Imagínese lo que le espera a Guerrero en las seis semanas que faltan para el cambio de Poderes.
Y no es que todo vaya a componerse en cuanto Ortega pueda tirar la toalla legalmente. Pero es previsible que en el actual periodo de transición, en el que no parece haber autoridad a cargo de nada, las cosas simplemente se pongan peor.
Las noticias de las últimas horas resultan escalofriantes:  los asesinatos en las colonias acapulqueñas Emiliano Zapata, Costa Azul y Renacimiento, así como al descubrimiento de una fosa clandestina en la colonia Alta Cuauhtémoc, del mismo puerto, hay que sumar la retención de una veintena de personas de la comunidad de San Antonio Cayahuacán, del municipio de Olinalá, por un conflicto entre la policía comunitaria de ese lugar y la organización Antorcha Campesina.
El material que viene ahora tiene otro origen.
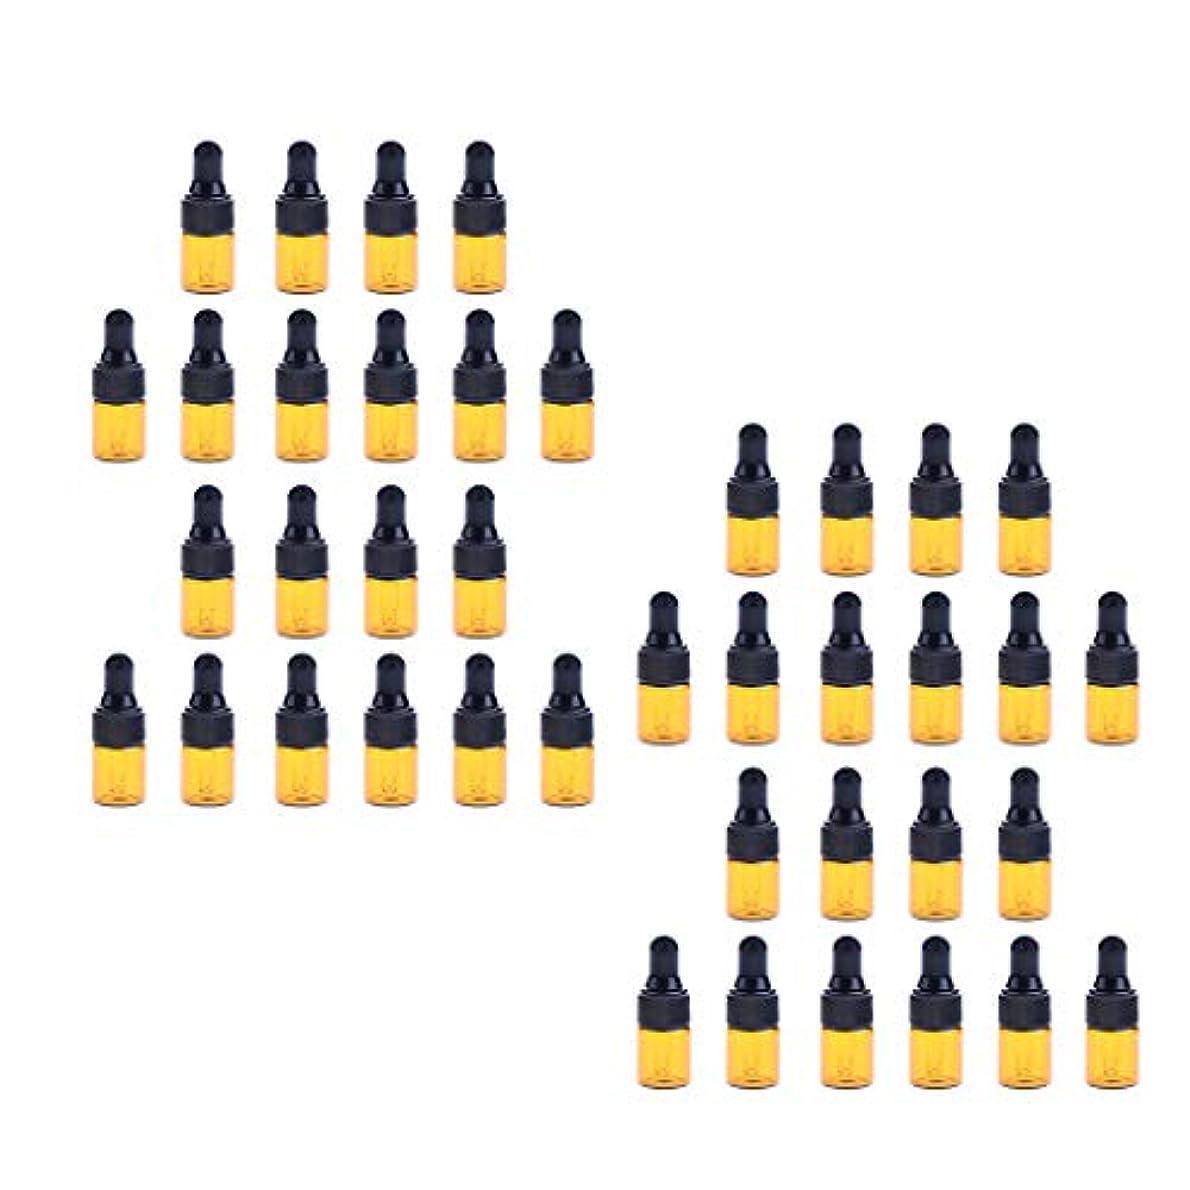 不承認チェリー野望chiwanji 40個入 ドロッパーボトル ガラス瓶 エッセンシャルオイル 精油 保存容器 詰め替え 小型 1ml /2ml

Y aunque ese último hecho terminó sin situaciones que lamentar, sí es deplorable cómo se resuelven las cosas en un lugar donde reina el desgobierno. La vida humana se ha convertido en una mera prenda.
Por si fuera poco, el sábado pasado fue encontrado muerto, a bordo del taxi que manejaba, Miguel Ángel Jiménez, el comandante de la policía comunitaria de la Unión de Pueblos y Organizaciones del Estado de Guerrero (UPOEG).
El año pasado, a partir de los hechos de Iguala, Jiménez había liderado la búsqueda de cuerpos enterrados en forma clandestina en ese y otros municipios del norte de Guerrero.
Gracias a su labor, fueron encontrados 104 cuerpos, lo que permitió a muchas familias de desaparecidos saber qué había pasado con sus seres queridos. Con el homicidio de Jiménez, incluso esa esperanza parece haberse esfumado.